I need new bow strings. I have 1 bow shop telling me vapor trail and I have another telling me winners choice. Obviously they are trying to sale them but I want a more quality string bc price difference is only $20. PLease advise.


----------



## alligood729 (Aug 27, 2013)

lblanton1 said:


> I need new bow strings. I have 1 bow shop telling me vapor trail and I have another telling me winners choice. Obviously they are trying to sale them but I want a more quality string bc price difference is only $20. PLease advise.



Send a pm to Tracker1 on here......Vapor Trail would be my choice between the two, but give Scott a shout, see what he has to say....


----------



## wtailchaser (Aug 27, 2013)

Vaportrail.  Great strings.  Fast and affordable.


----------



## young gunna (Aug 27, 2013)

Look up Threadz Bowstrings......... They are great and fast service...


----------



## DRB1313 (Aug 27, 2013)

I second Tracker1.  Just got a set made from him and I am more than pleased with the quality.


----------



## hunter783445 (Aug 27, 2013)

Vapor Trail over everything


----------



## 1crazybowhunter (Aug 27, 2013)

I third Scott at Apache Strings. I've been using him exclusively this year and haven't had any problems. His strings are averaging about 6 fps faster than other manufacturers strings on the same bow. He warranties his strings for 1 year against any string stretch, serving seperation or peep rotation. The only other company that I know that matches that is America's best bowstrings. Second on the list would be First String.


----------



## cliff from jax (Aug 27, 2013)

Threadz you cant go wrong jerry and margie carter make a great string and they will have them to you fast there web is threadz.com and another one is center punch strings pm C cape on here does a great job


----------



## guesswho (Aug 28, 2013)

Well it seems I'm the only one but I use winners choice extreme 8190 on my brute x


----------



## dmedd (Aug 28, 2013)

cliff from jax said:


> Threadz you cant go wrong jerry and margie carter make a great string and they will have them to you fast there web is threadz.com and another one is center punch strings pm C cape on here does a great job



I agree with Cliff. They both build fantastic strings.


----------



## rjcruiser (Aug 28, 2013)

1crazybowhunter said:


> I third Scott at Apache Strings.



I 4th.  Great customer service too.


----------



## Covehnter (Aug 28, 2013)

I am liking my Apache string that 1crazybowhunter put on for me. Coop has my Destoryer throwing darts.


----------



## Stroud Creek (Aug 28, 2013)

I have had 3 sets of winners choice and I DO NOT like them. all 3 sets stretched very bad. I have never shot Vapor Trail


----------



## blazer21 (Aug 28, 2013)

Pro Line! Very very nice strings!!


----------



## South Man (Aug 29, 2013)

I shoot Vaportrails and never had any problems


----------



## Craigaria (Aug 31, 2013)

Apache...


----------



## Taylor Co. (Sep 4, 2013)

young gunna said:


> Look up Threadz Bowstrings......... They are great and fast service...

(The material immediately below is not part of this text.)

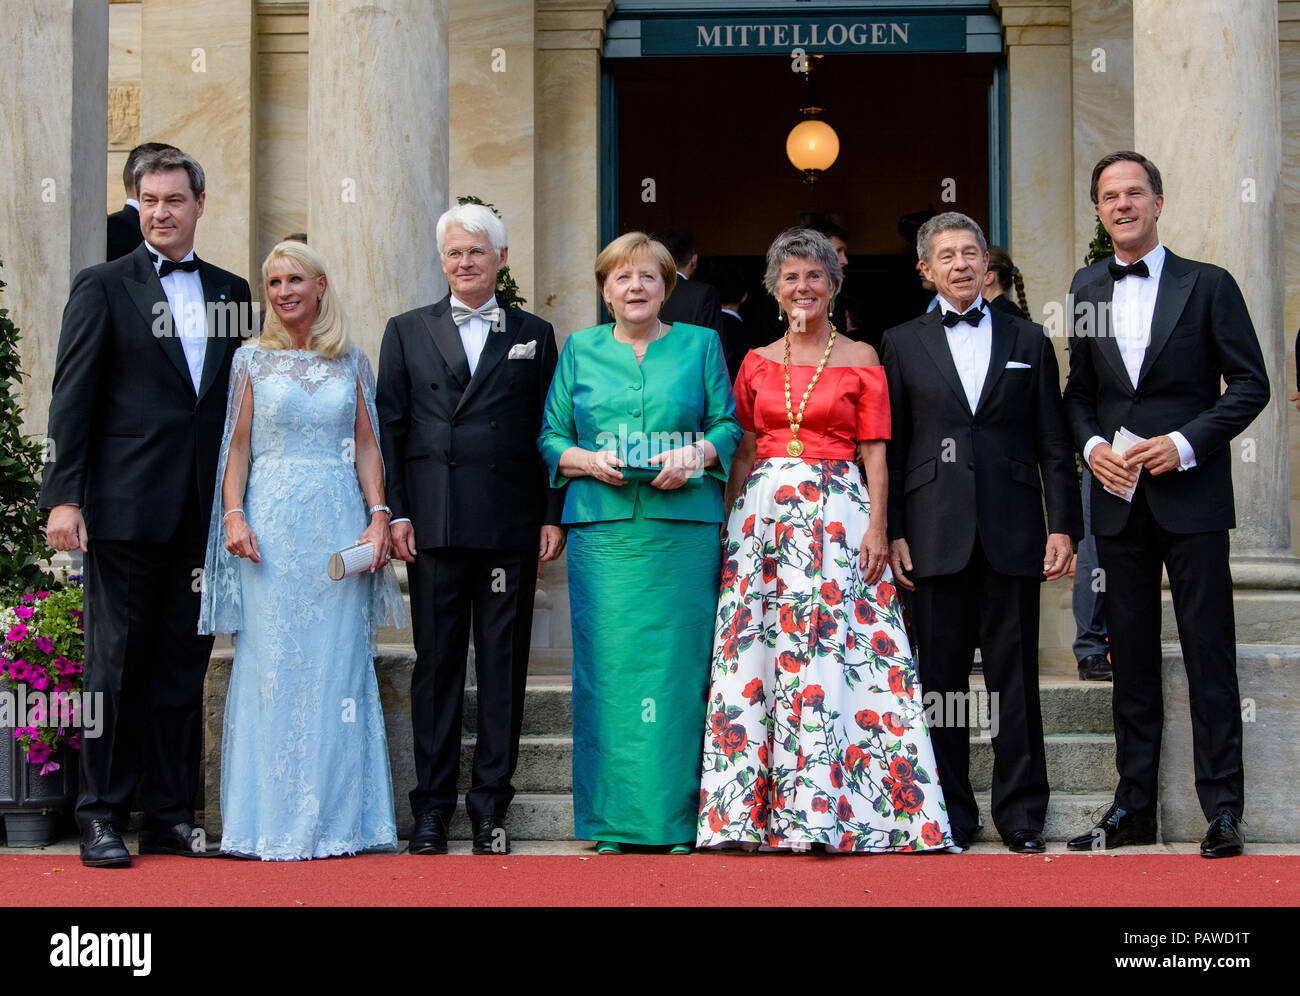 Bayreuth, Germany. 25th July, 2018. Bavarian Minister President Markus Soeder (CSU, l-r), his wife Karin, Thomas Erbe, husband of Bayreuth's mayor, German Chancellor Angela Merkel (CDU), Bayreuth's mayor Brigitte Merk-Erbe, Merkel's husband Joachim Sauer and Dutch Prime Minister Marc Rutte arrive at the festival hall. The Richard-Wagner-Festivals 2018 start with a new performance of Lohengrin'. From 25 July to 29 August, Wagner afficionados travel to the 'Green Hill' to experience the composer's operas. Credit: Matthias Balk/dpa/Alamy Live News Stock Photo

Yep, that's what I/we use at our shop.


----------



## B Man (Sep 4, 2013)

Threadz


----------



## BOTTEMLINE (Sep 4, 2013)

*Smoke*

Apache..


----------



## The Arrow Guru (Sep 4, 2013)

Winner's Choice, haters gonna hate............


----------



## Stroud Creek (Sep 18, 2013)

Not at all but all 3 sets I had stretched very bad.


----------



## Tank1202 (Sep 18, 2013)

Apache


----------



## birddog721 (Sep 18, 2013)

Buck nasty custom string for me!


----------



## FordHunter (Sep 18, 2013)

I just put some custom first strings on my hoyt.  I am really enjoying them and have not had any cam lean issues


----------